В конечном итоге, культура диаспоры сумела не просто достичь «вселенской ориентации», найдя и приняв соответствующие ей языковые и экклезиологические принципы. Она совершила большее: не только вошла в пан-православную и вселенскую перспективу, но стала в ней значимым явлением и заняла самостоятельное место, дав начало новому творческому этапу православной мысли. В известной мере, это – совокупный итог всей философско-богословской работы диаспоры; но главный вклад в этот итог внесли, несомненно, два достижения: новое осмысление православного отношения к патристике и Преданию, выразившееся в концепциях «христианского эллинизма» и «неопатристического синтеза», и новое осмысление богословского значения духовного опыта, исихастской аскетической практики и учения св. Григория Паламы. Первое из этих творческих достижений принадлежит целиком о. Георгию Флоровскому, тогда как второе связано, прежде всего, с именами о. Василия (Кривошеина), Вл.Лосского и о. Иоанна Мейендорфа.

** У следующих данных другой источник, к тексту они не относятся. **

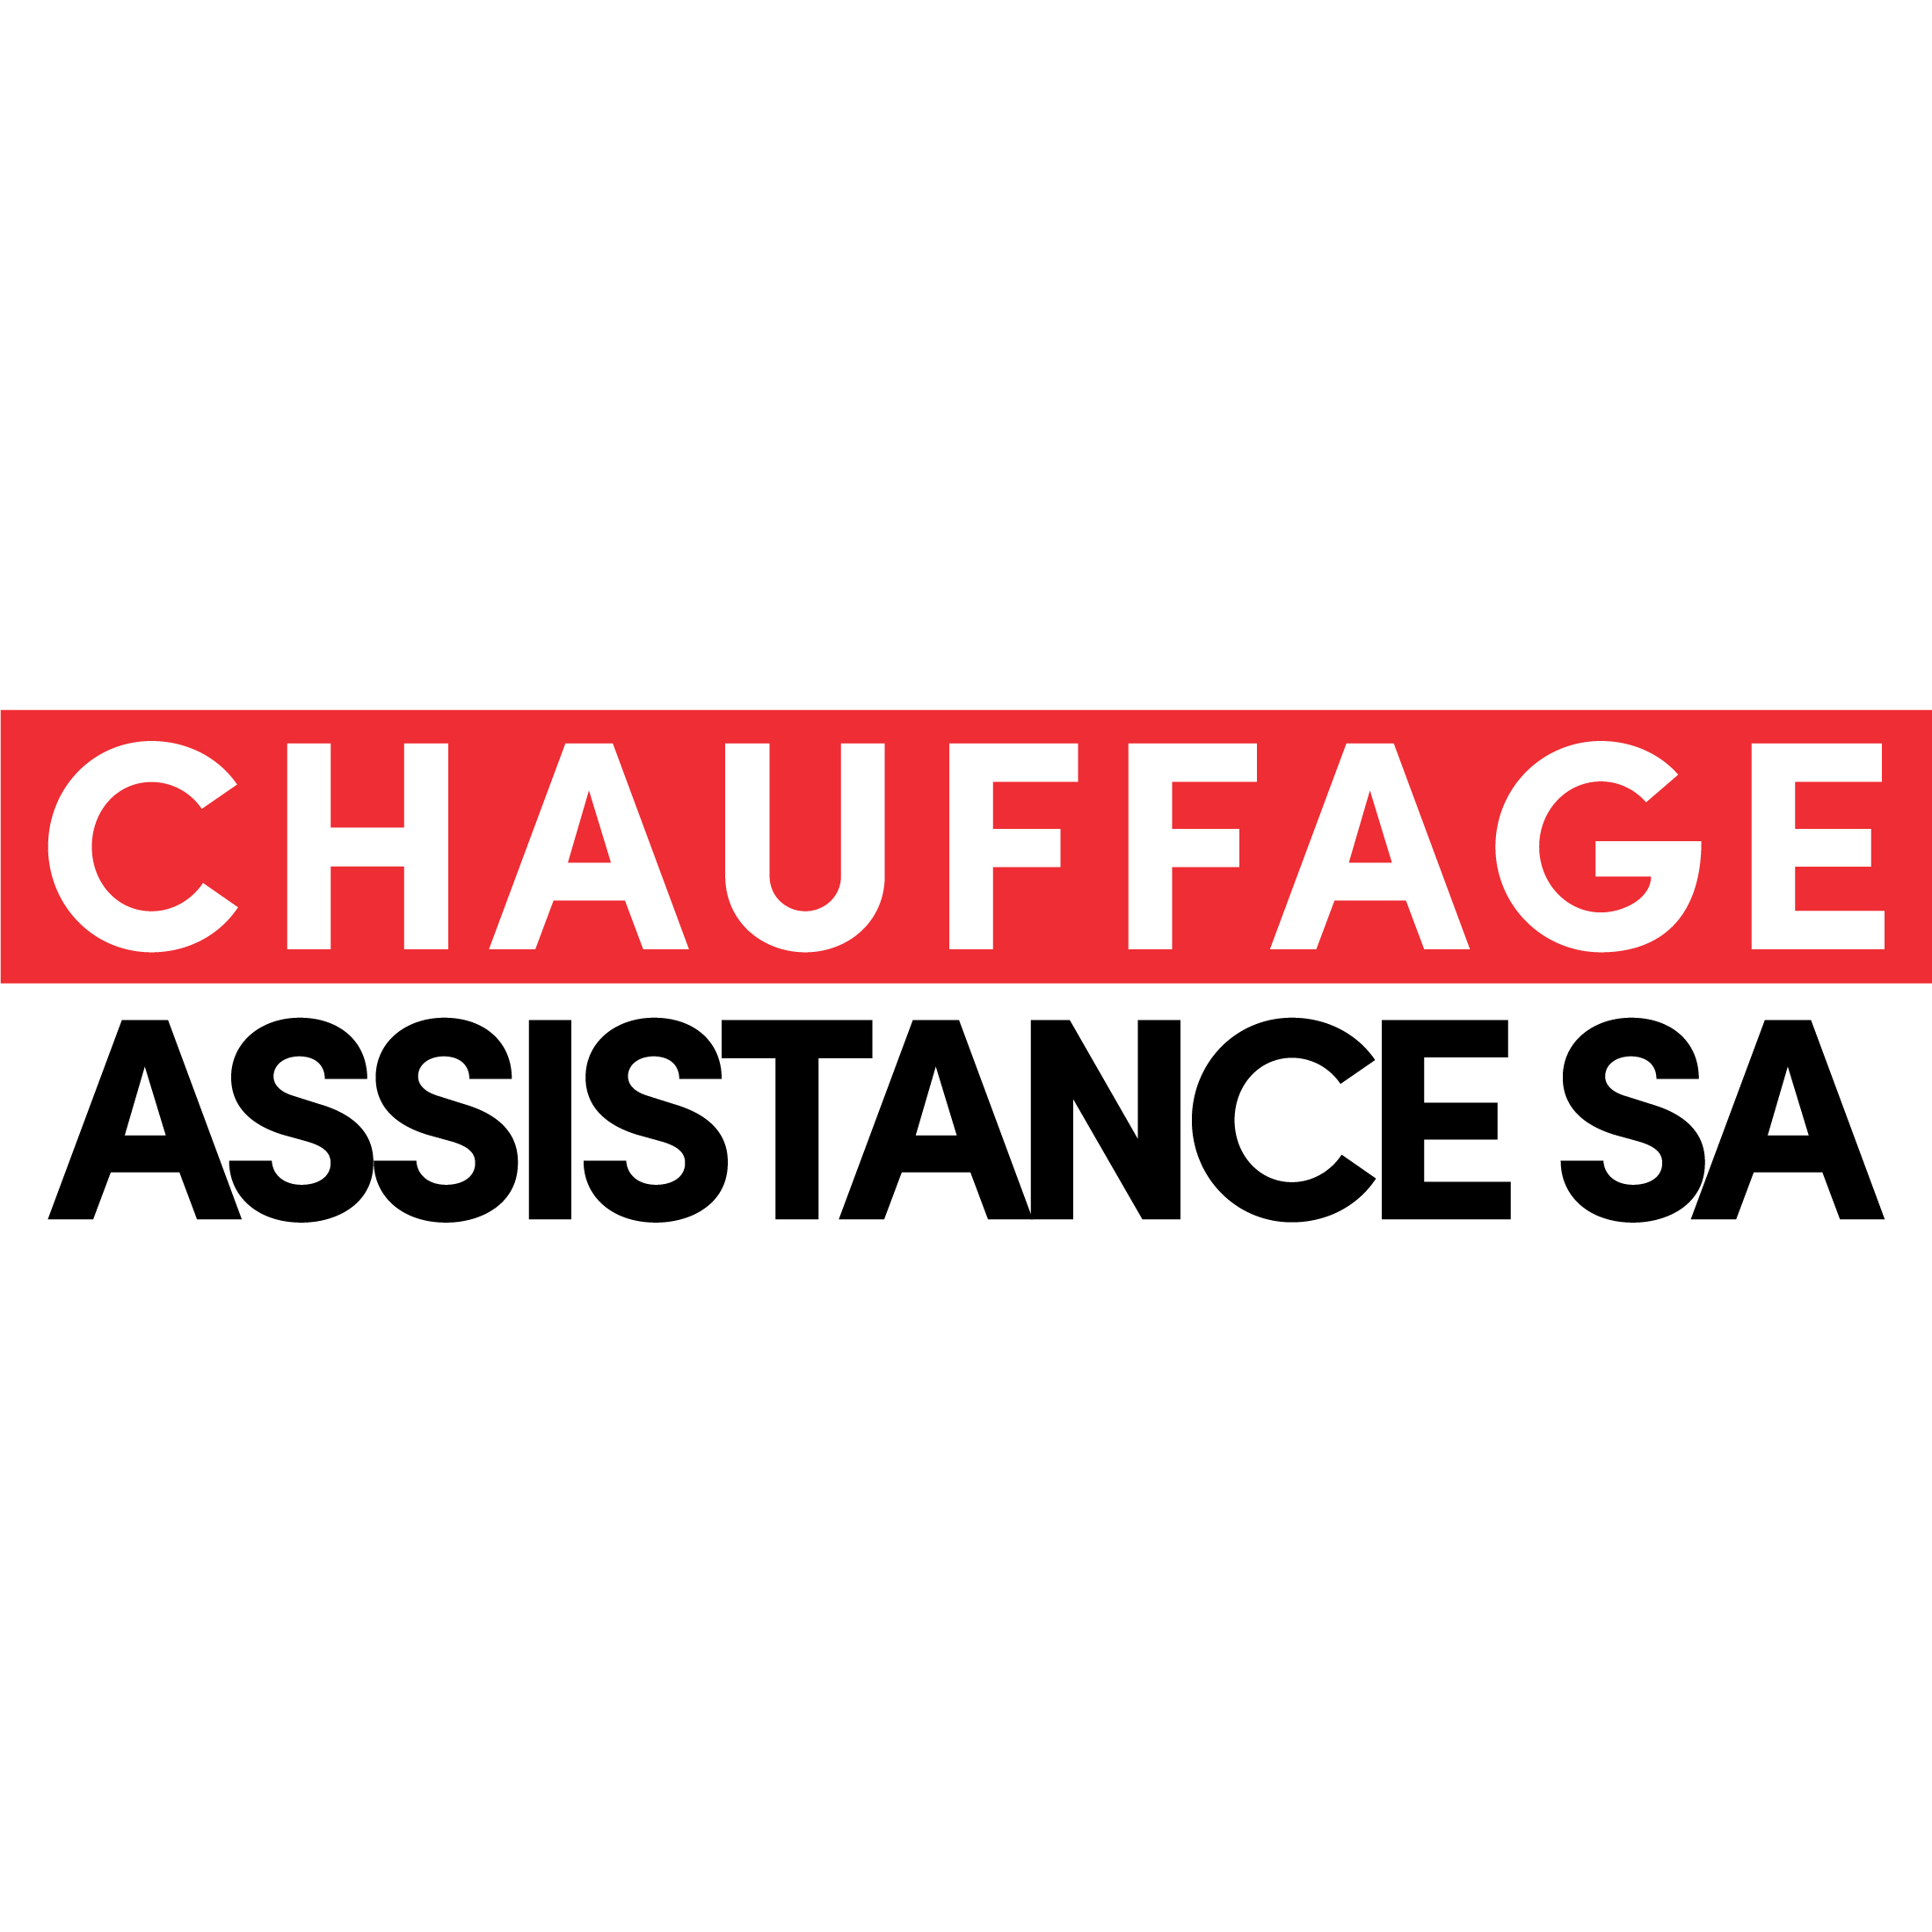 Chauffage Assistance SA - Hvac Contractor - Genève - 022 338 35 25 Switzerland | ShowMeLocal.com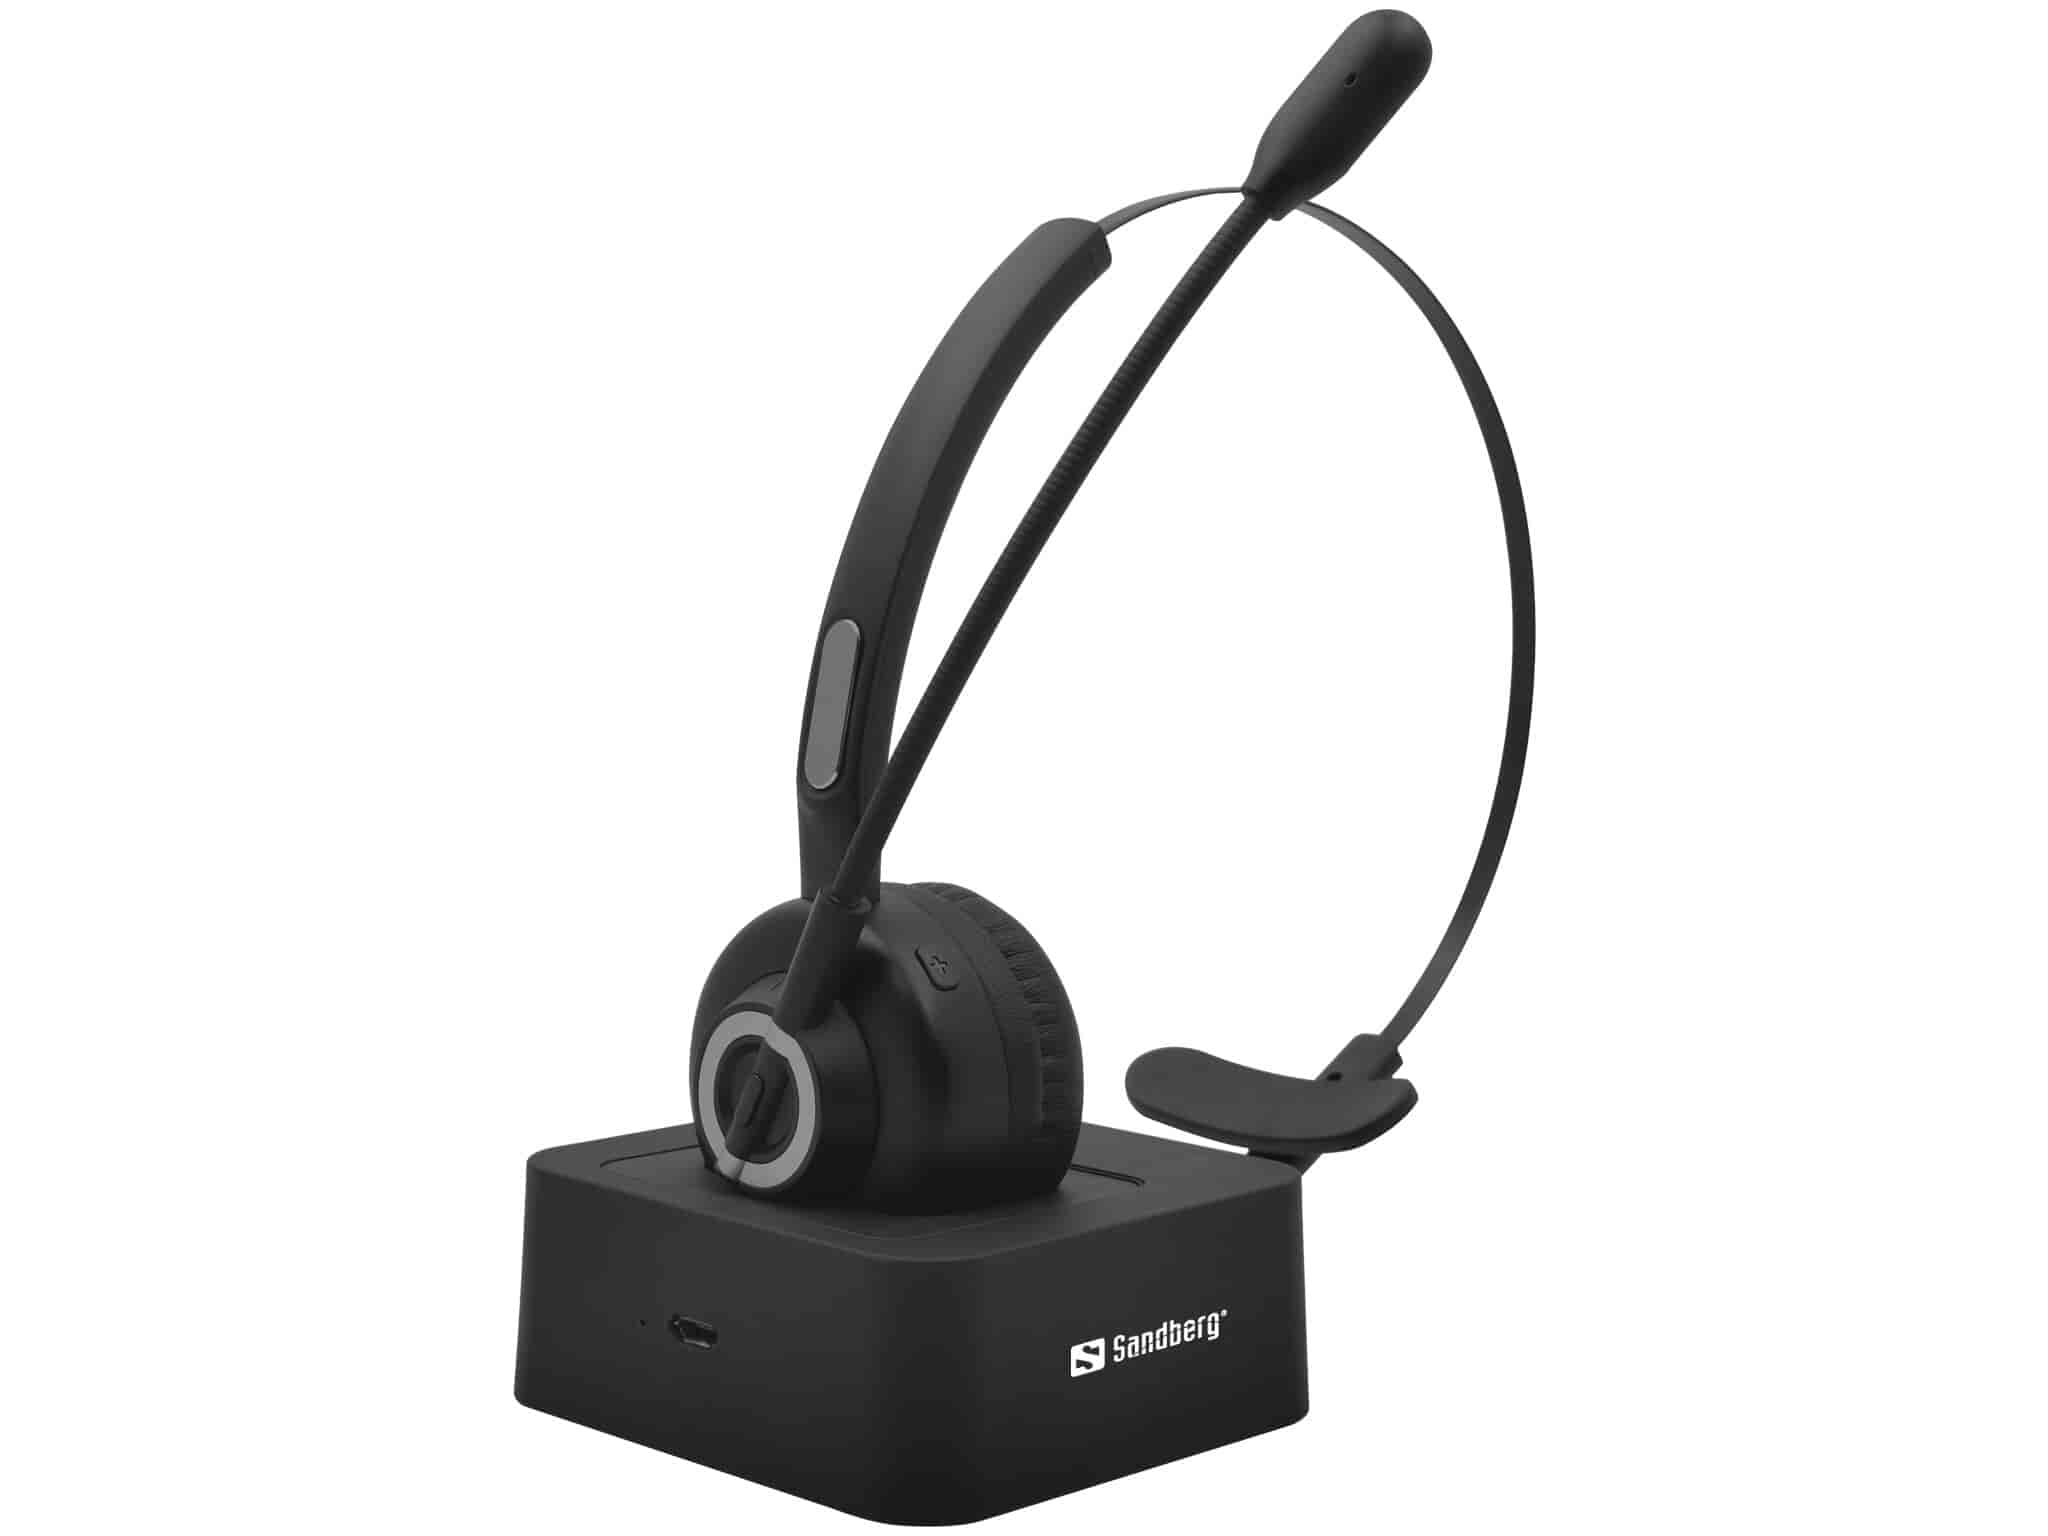 Bluetooth Office Headset Pro, suveræn lyd og 5 års garanti.

Основополагающий принцип православно-церковного миросозерцания – определяющая, нормативная роль святоотеческого Предания в богословии и вероучении Церкви. Обычное понимание этого принципа всегда трактовало его как принцип жесткого консерватизма, предписывающий искать решение любых вопросов путем прямого, начетнического приложения текстов отцов Церкви. Под влиянием подобной трактовки складывался образ Восточного христианства как мира застывших архаичных воззрений, мира с боязнью нового, с запретом всякого творчества в интеллектуальной и духовной сфере. Такой образ был господствующим как в западных представлениях о Православии, так и в представлении вестернизованных культурных кругов в православных странах. Он, в свою очередь, диктовал, что путь свободного творчества, обращенного к современности, несовместим с принципом верности Преданию, и творчески развивающаяся мысль необходимо должна отбросить этот принцип. Всё это означало, что в сфере православной мысли (как и во многих других сферах культуры) складывалось противостояние, или же бинарная оппозиция консерватизм – модернизм. После продолжительного господства консервативного полюса, Русское религиозно-философское возрождение, вслед за Вл.Соловьевым, своим зачинателем и пророком, избрало, в целом, позиции модернизма; философия Серебряного Века – затем ставшая философией диаспоры – ориентировалась не на патристическое русло, но на русло традиции новоевропейской метафизики. Однако религиозная мысль диаспоры – ее молодого поколения, что шло следом за поколением философов Серебряного Века, – от этой ориентации отказалась.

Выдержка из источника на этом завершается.